=== Section Start ===
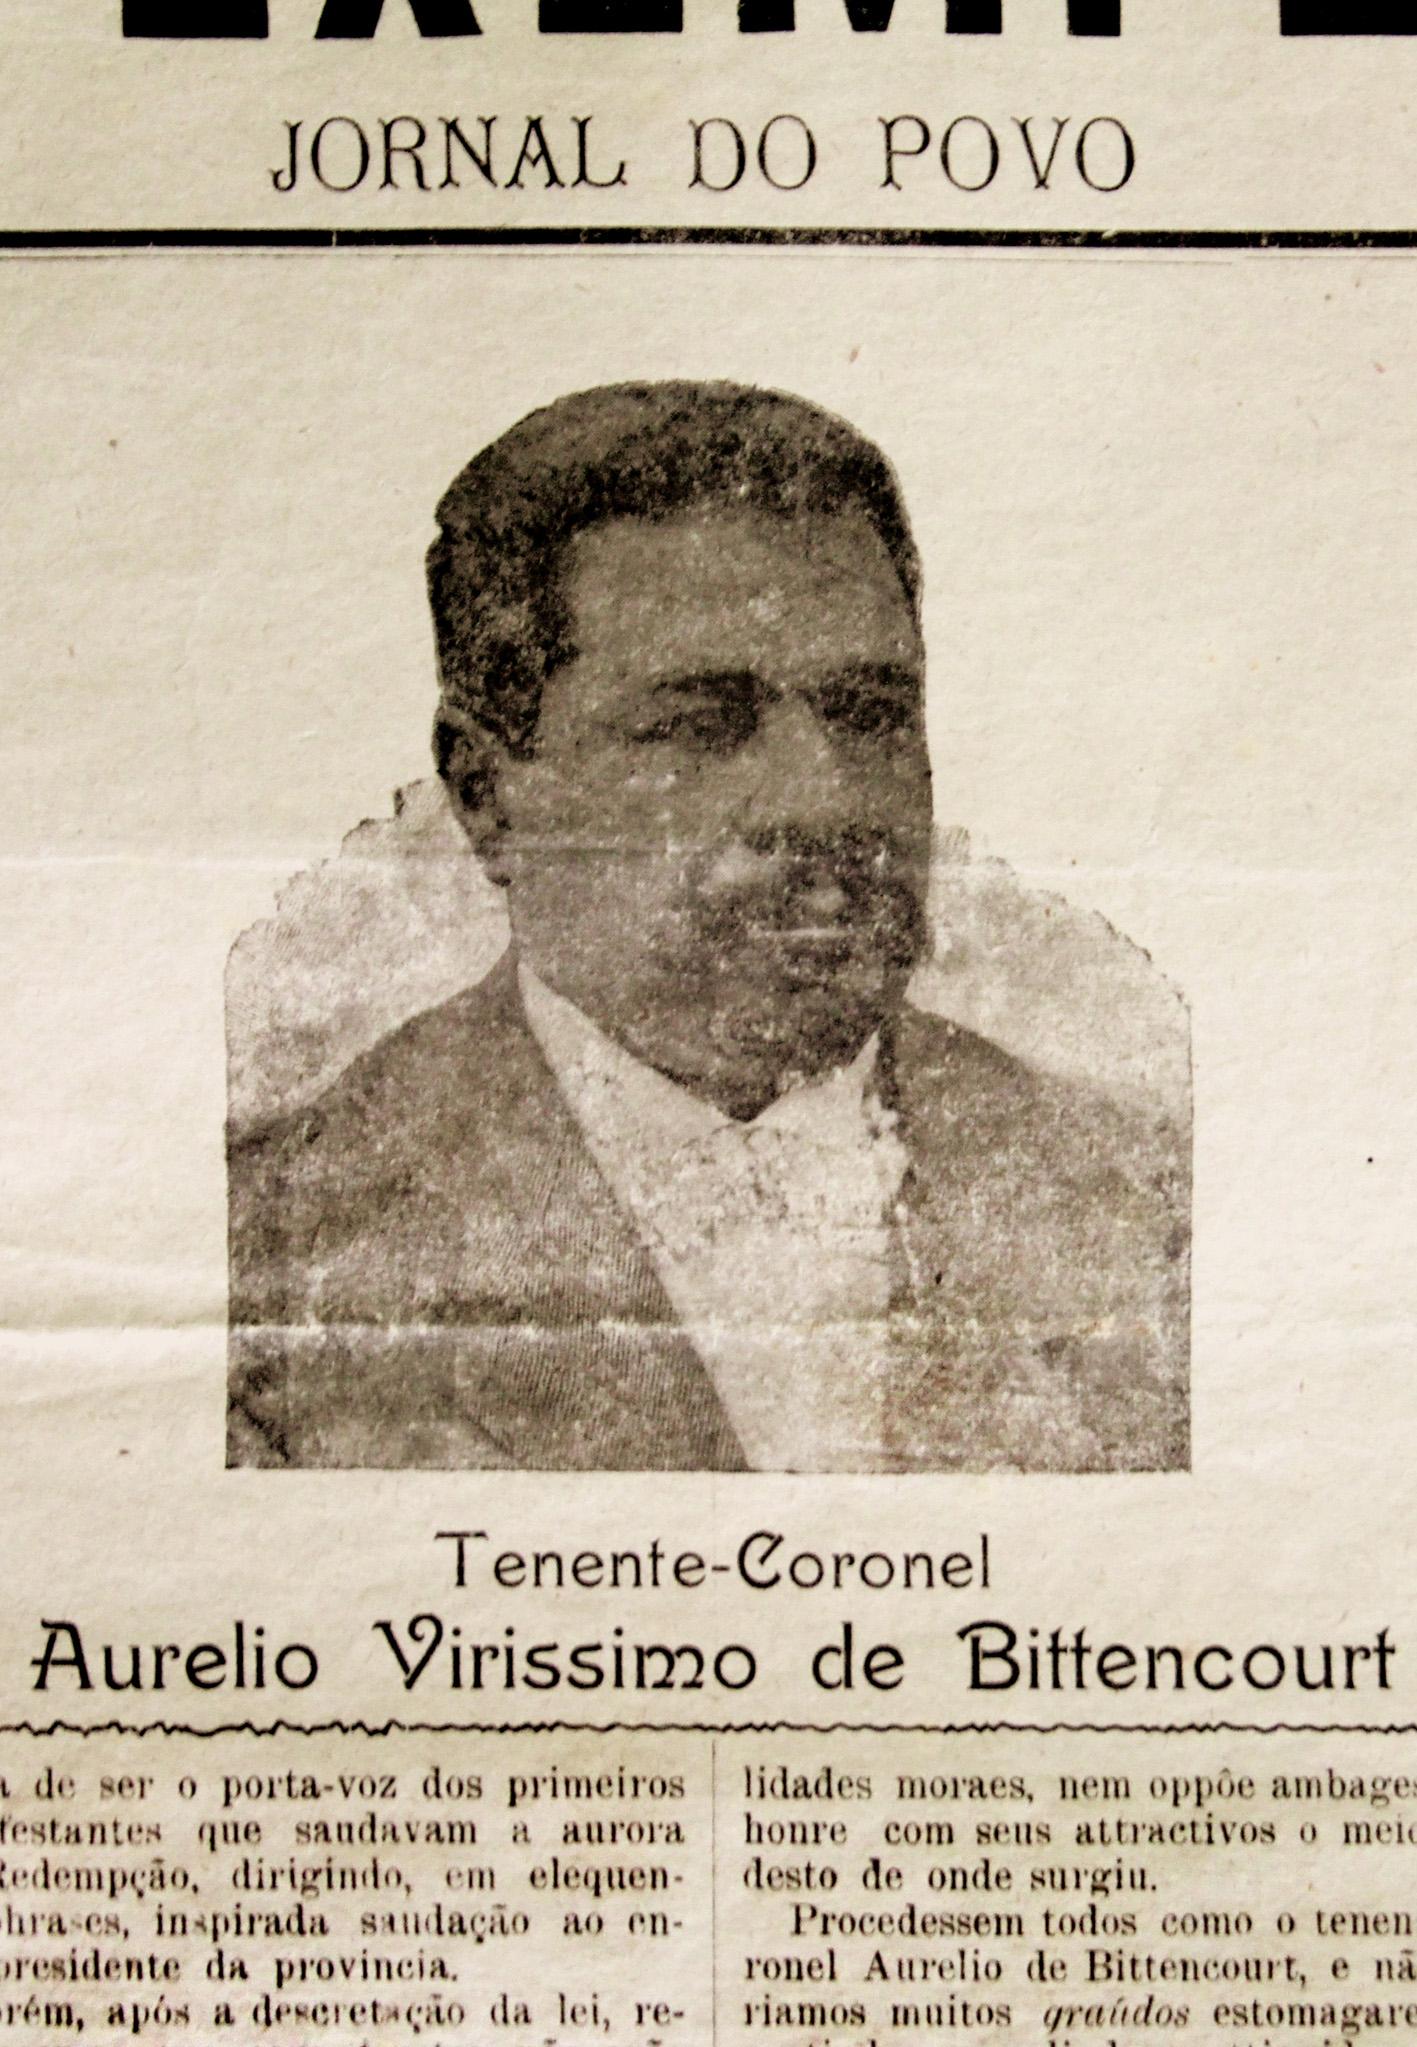 Aurélio Verissimo de Bittencourt The Invisibility of Blacks in one of Brazil's Whitest States
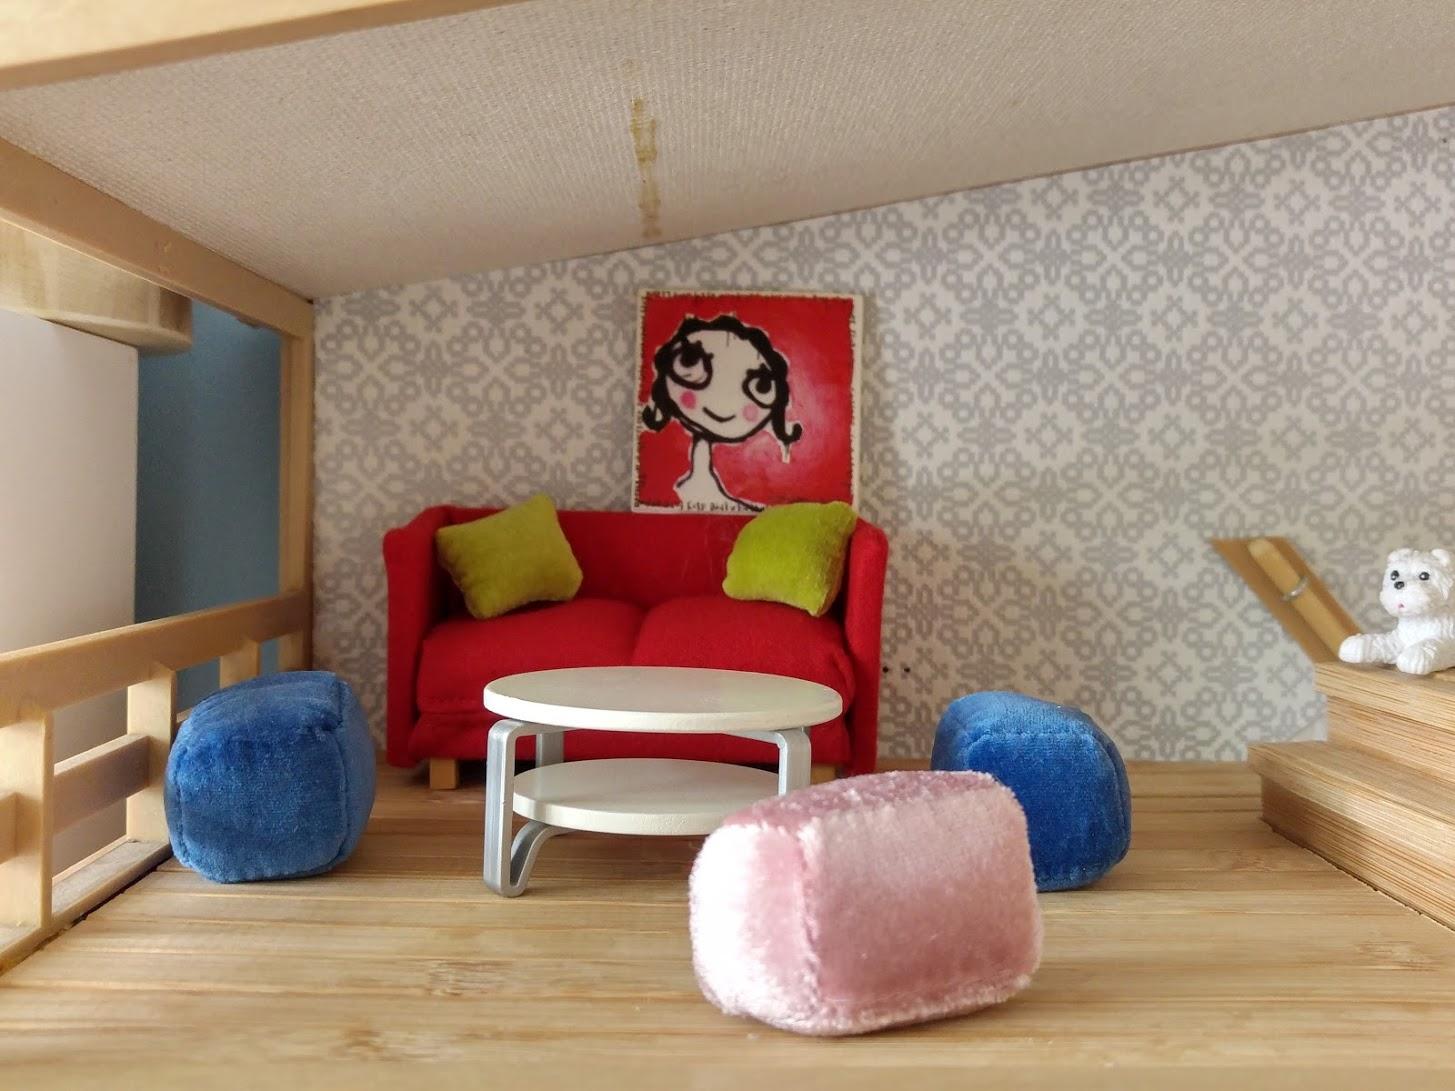 Modern Lundby Smaland furniture
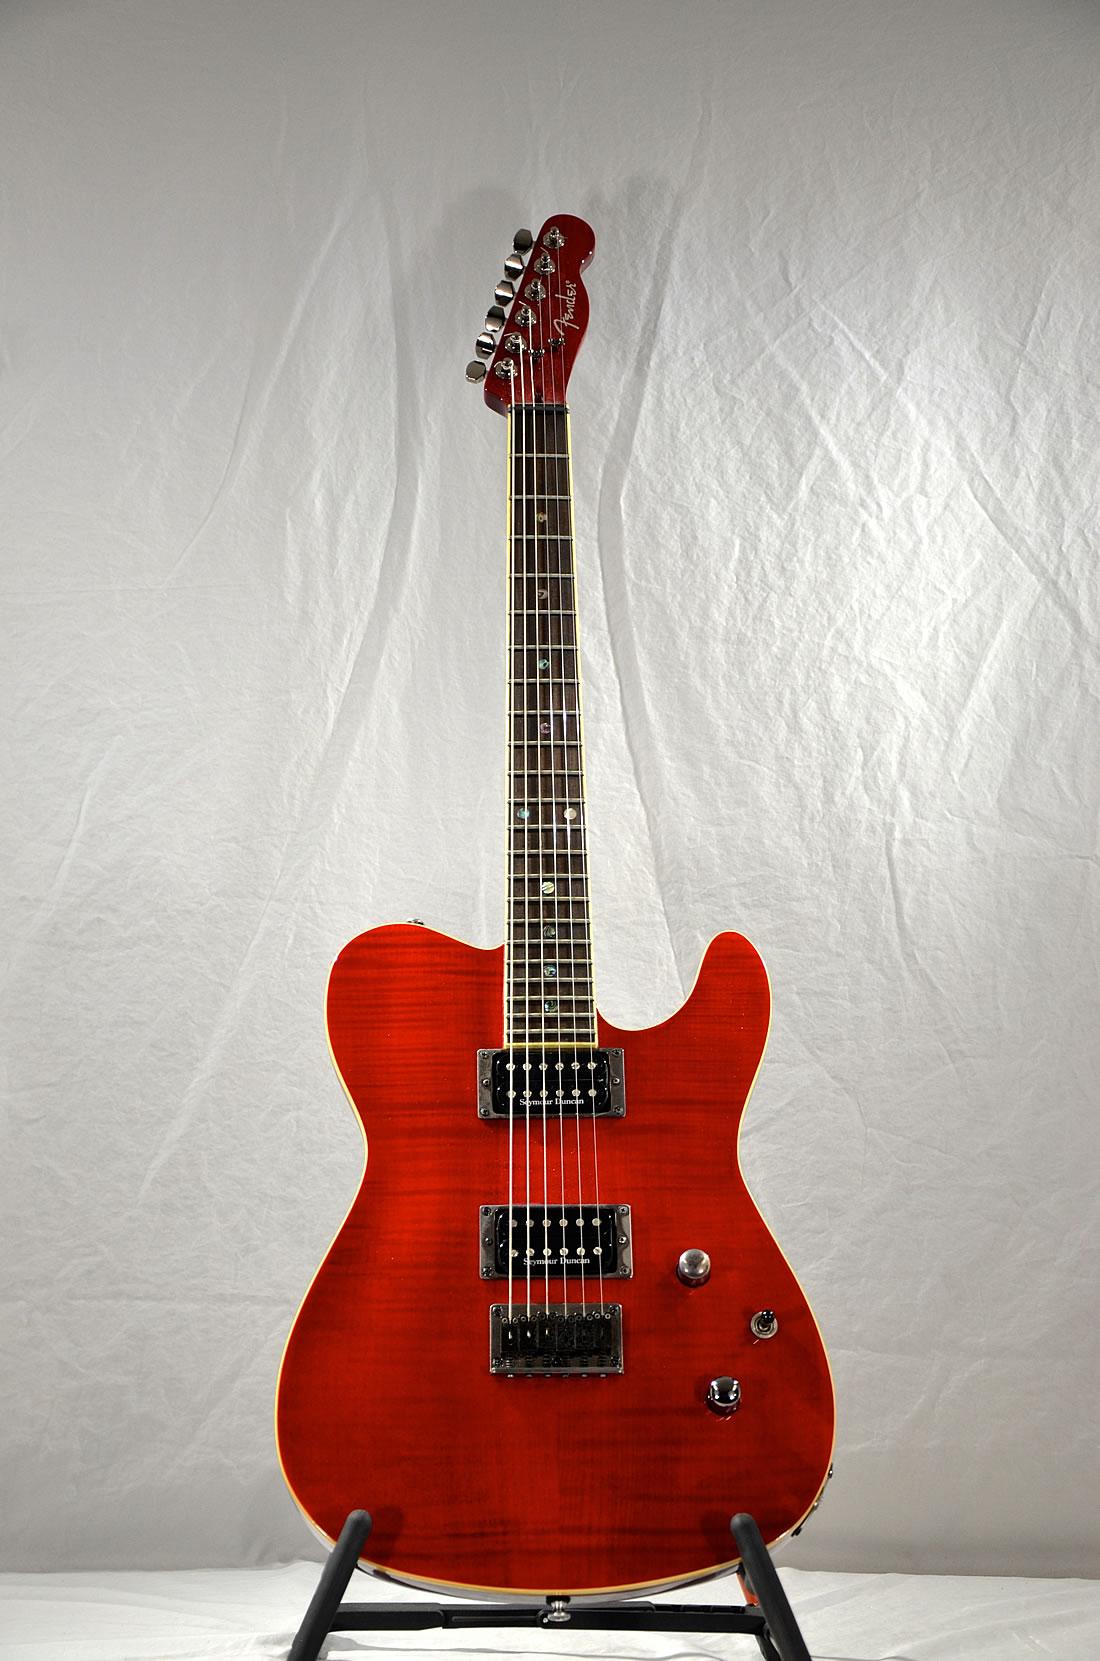 2010 Fender FTM Telecaster Guitar
=== Section End ===
* EXERCISE REQUIREMENTS *
Would you retype every line shown above exactly, leaving the pictures aside?

* EXERCISE ANSWER *
 Aurélio Verissimo de Bittencourt The Invisibility of Blacks in one of Brazil's Whitest States
 Modern Lundby Smaland furniture
 2010 Fender FTM Telecaster Guitar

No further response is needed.